Bayu Pratama

Reporter

Bayu Pratama

Sabtu, 7 September 2019 - 07:13

JATIMNET.COM, Surabaya -  Kapal Motor Santika Nusantara terbakar pukul 20.45 WIB, Kamis. 22 Agustus 2019. Tak seperti yang sudah-sudah, KM Santika terbakar terjadi di Bulan Agustus, di puncak nalayan melaut. Sedangkan, sejumlah kecelakaan di Masalembu beberapa kali terjadi pada Januari.

Adalah Haerul Umam, dikenal sebagai Tokoh Pemuda Kepualuan Masalembu. Hampir setiap hari ia menyaksikan kapal lalu lalang melintasi Masalembu. 

Termasuk ketika KM Santika Nusantara terbakar yang kobaran apinya seolah menjadi lampu penerang di tengah gelapnya laut malam. “Saat itu, nelayan sangat jelas melihat nyala api dari kejauhan. Mereka kemudian mendekat dan saling menghubungi melalui telepon. Nelayan mencoba menyelamatkan penumpang, di antaranya berhasil dievakuasi ke kepulauan Masalembu,” jelas Haerul Umam, Rabu 4 September 2019.

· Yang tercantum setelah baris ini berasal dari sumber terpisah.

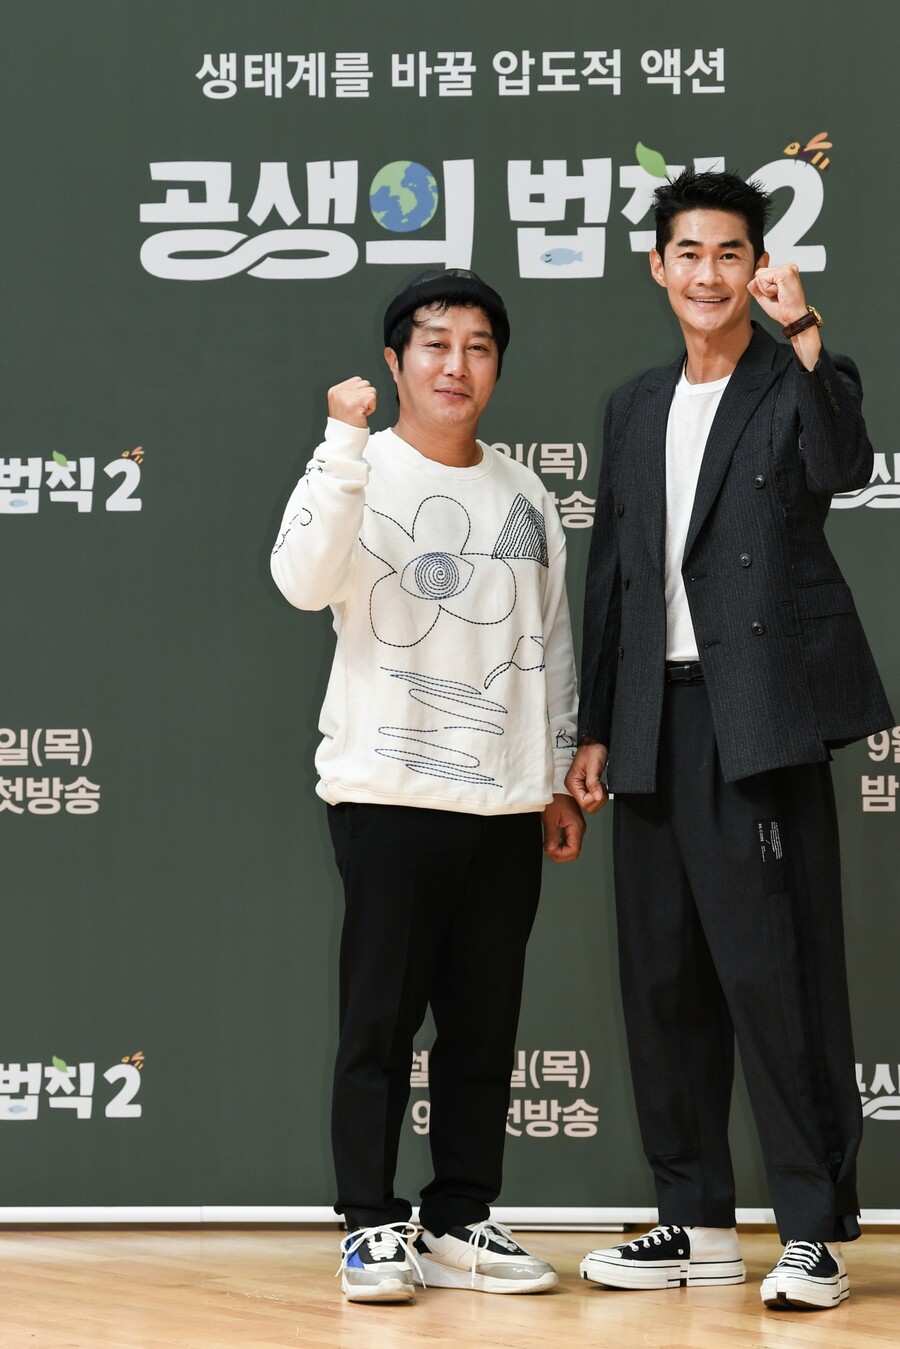 ▲ 김병만(왼쪽), 배정남. 제공| SBS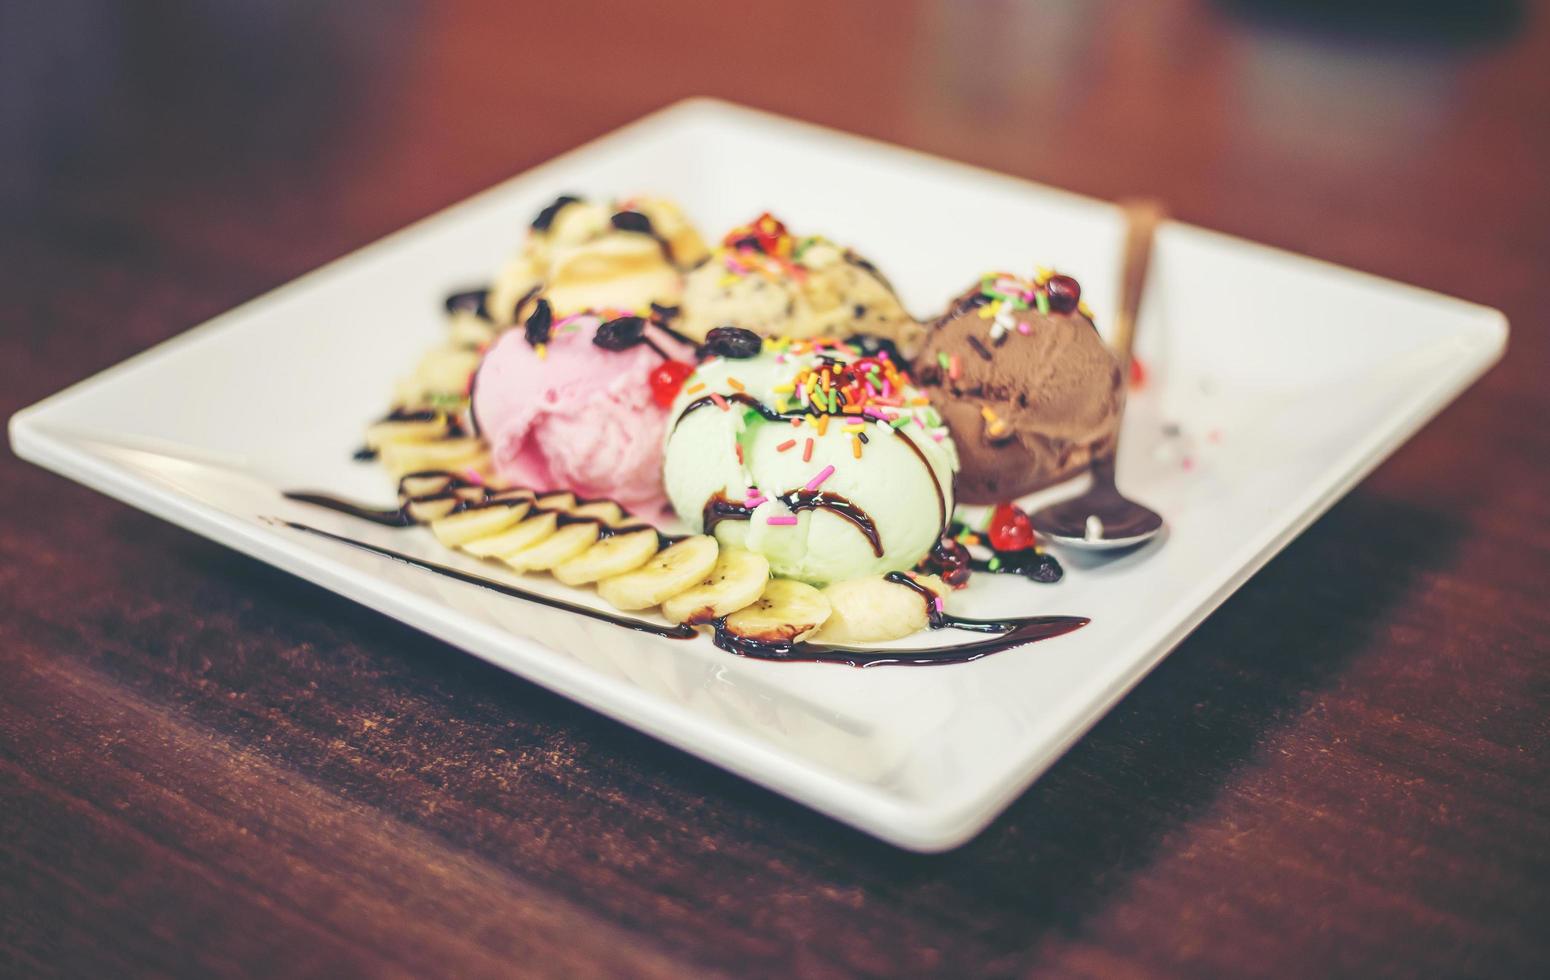 ice cream sundae vanilla strawberry chocolate lemon scoops with banana photo

BACA JUGA: Mengenal Masalembu, Punya Handphone Tapi Tak Ada Sinyal

Ia heran mengapa KM Nusantara terbakar ketika ombak tak begitu ganas. “Kalau kebakaran bukan karena ombak, karena saat ini puncaknya nelayan pergi melaut. Gelombang laut besar puncaknya Januari,” katanya.

Warga Masalembu menyebut ombak tinggi di perairan itu dengan istilah Musim Angin Barat. Nelayan tidak banyak melaut sejak November.

MASALEMBU. KM Sabuk Nusantara Bersandar di Pelabuhan Kepulauan Masalembu

Kapal terbakar dan tenggelam

Penelusuran Tim Riset Jatimnet mencatat setidaknya terdapat sejumlah kapal terbakar atau tenggelam sebelum KM Santika Nusantara. Beberapa kecelakaan terjadi di Januari.

Sebagai pengingat, kecelakaan kapal terjadi 28 tahun silam saat Tampomas II pada 27 Januari 1981 tenggelam di perairan Masalembu dengan membawa 400 penumpang. Berikutnya KM Senopati Nusantara 30 Desember 2006 dengan 347 penumpang, serta KM Teratai Prima, pada 11 Januari 2009, dengan membawa 250 penumpang.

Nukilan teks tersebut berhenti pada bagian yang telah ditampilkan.